Richard West
- Born: 20 March 1971 (age 54) Hereford
- Height: 6 ft 10 in (2.08 m)
- Weight: 20 st 0 lb (127 kg)
- School: Old Swinford Hospital
- University: UWE

Rugby union career
- Position: Lock

Senior career
- Years: Team / Apps / (Points)
- Gloucester
- –: Richmond

International career
- Years: Team / Apps / (Points)
- 1995: England / 1 / (0)

= Richard West (rugby union) =

England international rugby union player

Richard West (born 20 March 1971, in Hereford) is a former English rugby union footballer. He played as a lock.

He was educated at Old Swinford Hospital and the University of the West of England in Bristol.
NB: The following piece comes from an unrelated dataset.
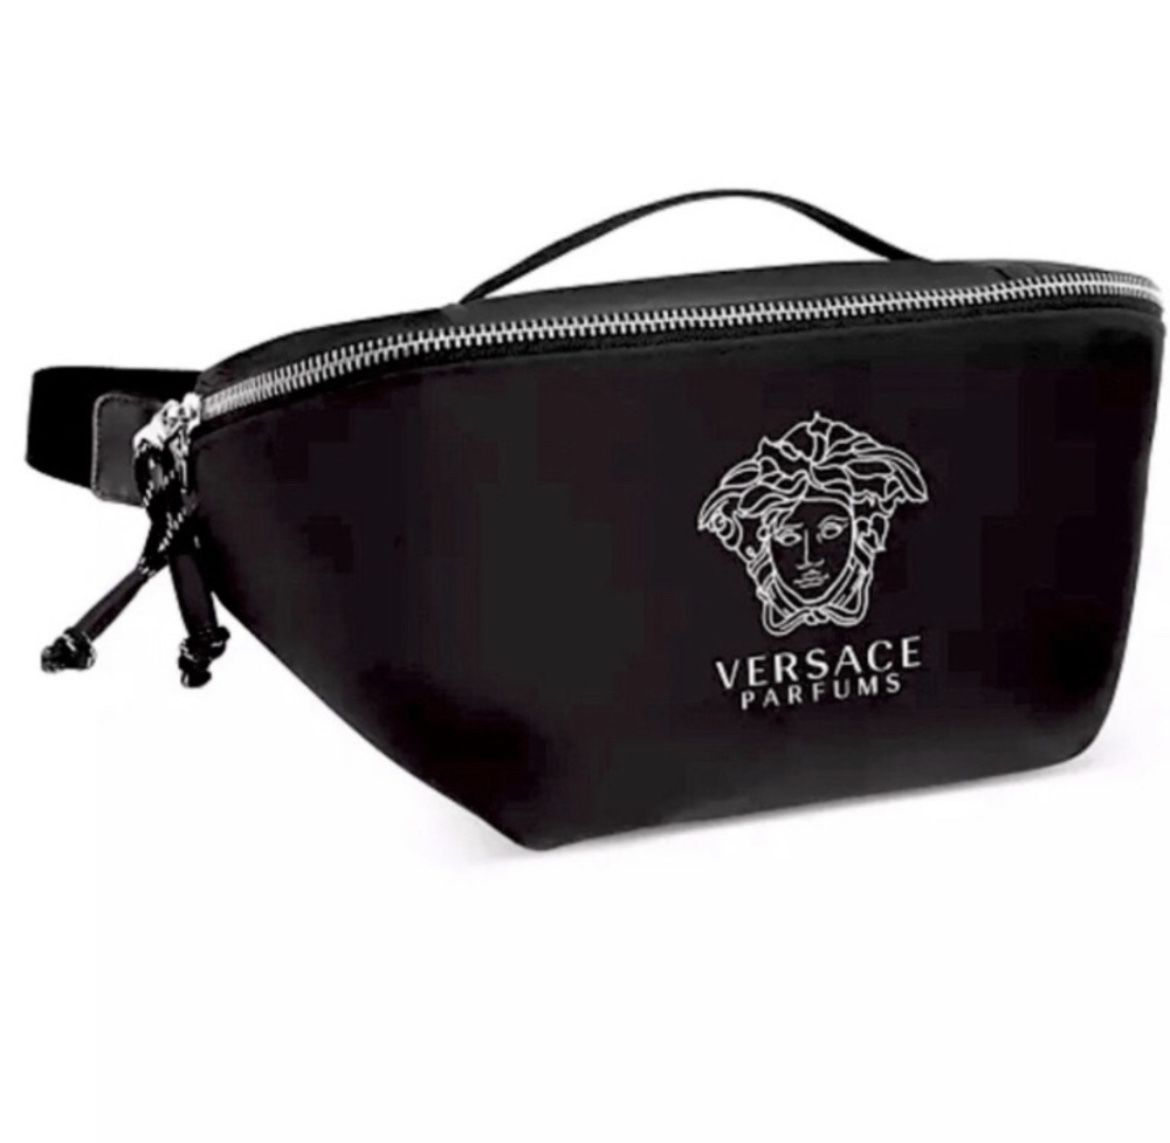 Versace Parfums Beltbag / Crossbody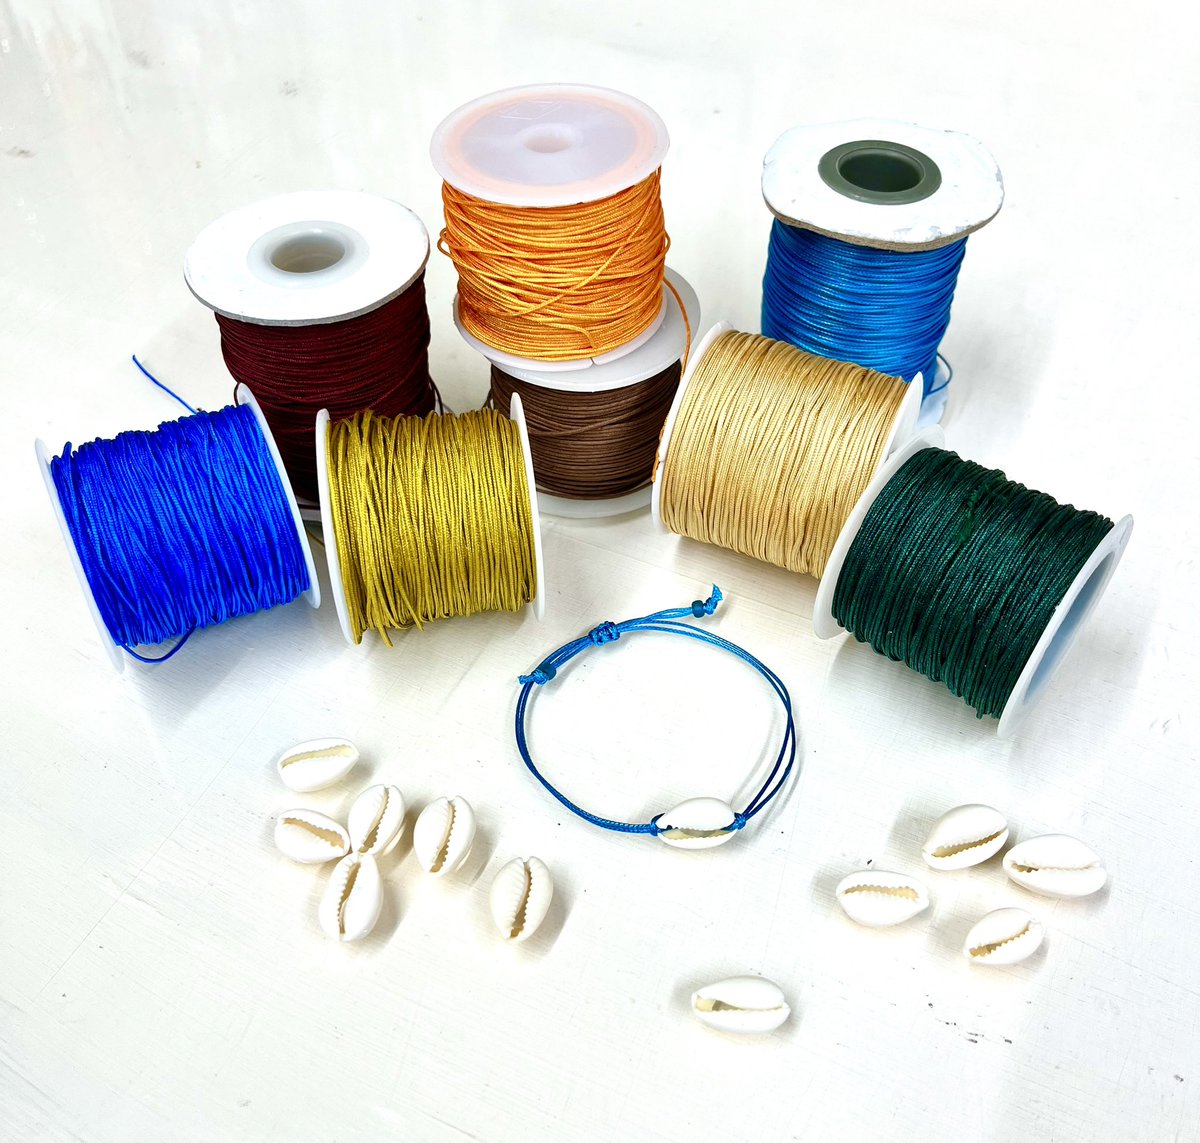 Just need to pick a colour 🌈 #shellbracelet #jewellerymaking #bohostyle #cordbracelet #beads #beadshop

West played over 100 times for Gloucester Rugby as well as playing for the Barbarians (8 Appearances), King Country Rugby Football Union (4 Appearances), Midlands and England at U21, Students, Emerging Players and A team level. He was one of the first signings to the professional era with Richmond FC when they announced their professional proposals along with Ben Clarke and Scott Quinnell.

He was selected for England at the 1995 Rugby World Cup finals. He was capped against Manu Samoa in Durban as a starting player and retired in 1998 aged 27 with a serious neck injury. He was alleged to be the heaviest player to be capped for England at 21st 8 lbs.

West now runs his own surveying practice in Ledbury, Herefordshire.